I am quite fond of Derrick Jensen’s “tell it like it is” perspective, and his essay on personal vs. communal responsibility gets me to thinking more (as does the whole of your wonderful post) about the moments of interdependence – and particularly, my students’ recognition of those moments – that help me to find my own place in the dialogue between individual, community, and globe.
I come late to this conversation, not an early adapter. Even so, I want to comment, having given a lot of thought to questions of place and land, of staying or going, of individual vs. community responsibility.
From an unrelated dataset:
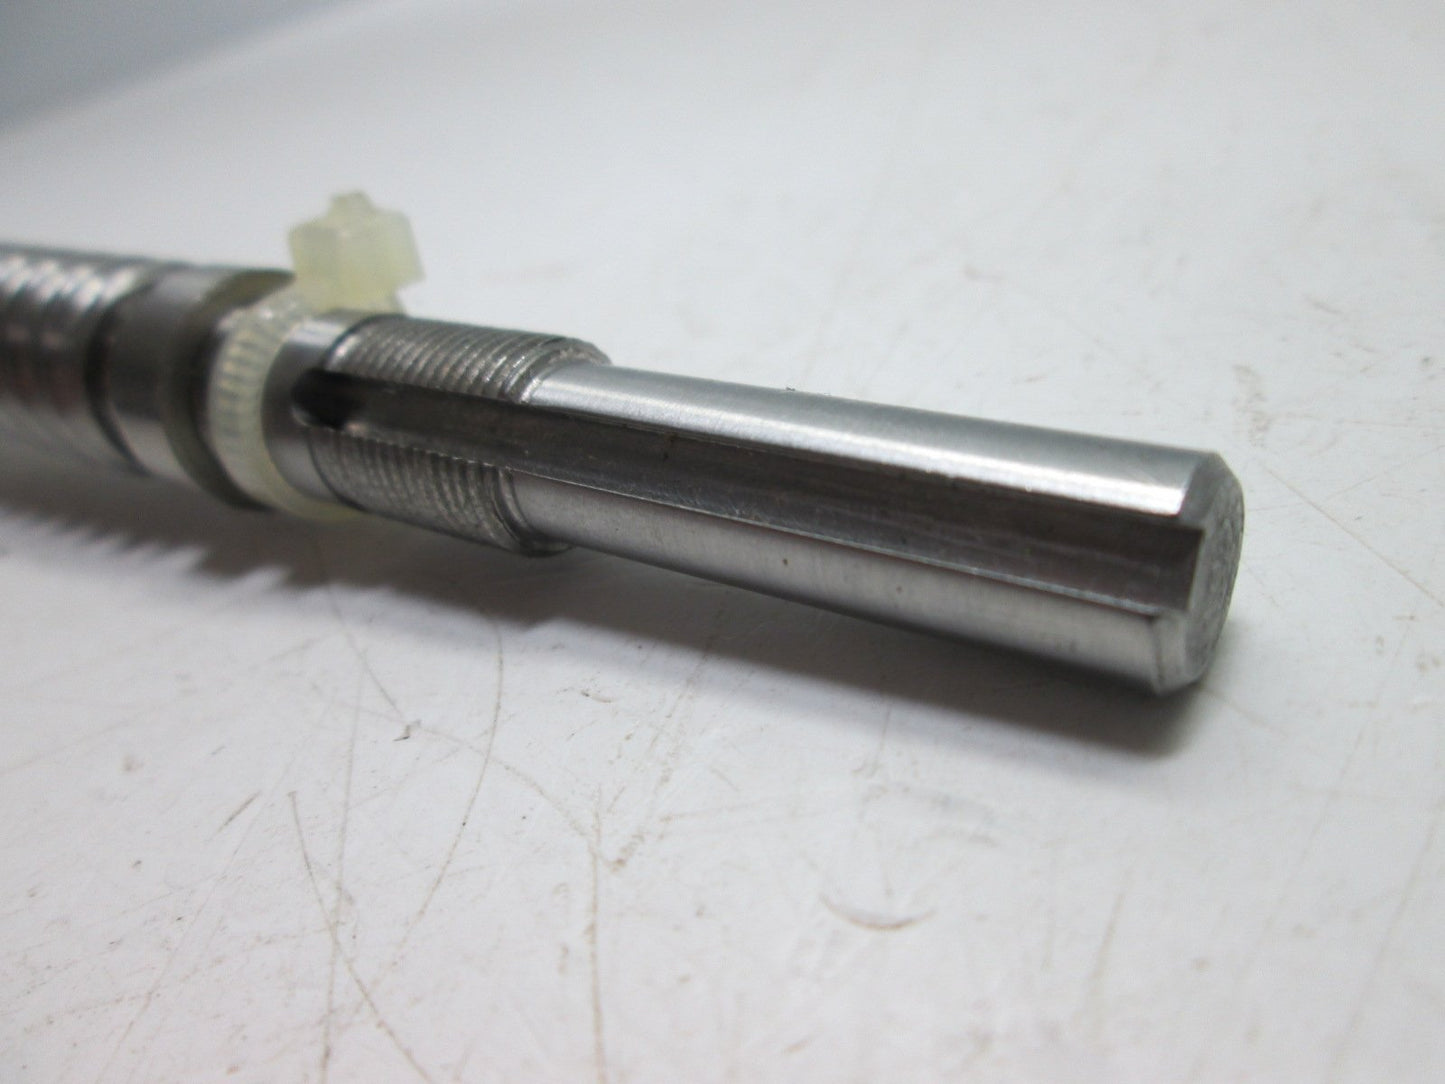 Used Ball Screw (PRB30-10.22), Overall Length: 10.22", Ball Screw: 0.615" ? x 7-1/8"

My dad managed in minor league baseball, so we’d drop into random communities for a couple of summer months, then slide back out. Thinking back, it was like being a kid anthropologist doing serial field work sampling.
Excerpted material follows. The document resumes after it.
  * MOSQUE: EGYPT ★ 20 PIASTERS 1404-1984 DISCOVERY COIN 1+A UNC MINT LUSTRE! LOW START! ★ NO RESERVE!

Now and for nearly 30 years, I have played against type, living and working in southern, coastal Louisiana. This is a very rooted place, except for the contradictory forces that are quickly eroding the land away, so staying or going will eventually, in many places, not be a choice. And there remains the question of community and where people will go and how they will sustain their sense of who they are afterward. I just found a quote from Walter Benjamin, talking about the end of WW I, but which seems so appropriate to what is happening here and across the country and worldwide in this time of social and economic turmoil and change that seems to have thrown us all back to first principles. “A generation…now stood under the open sky in a countryside in which nothing remained unchanged but the clouds, in a field of force of destructive torrents and explosions, was the tiny, fragile human body.” My ardent hope is that we can work at a human scale to move into more positive territory.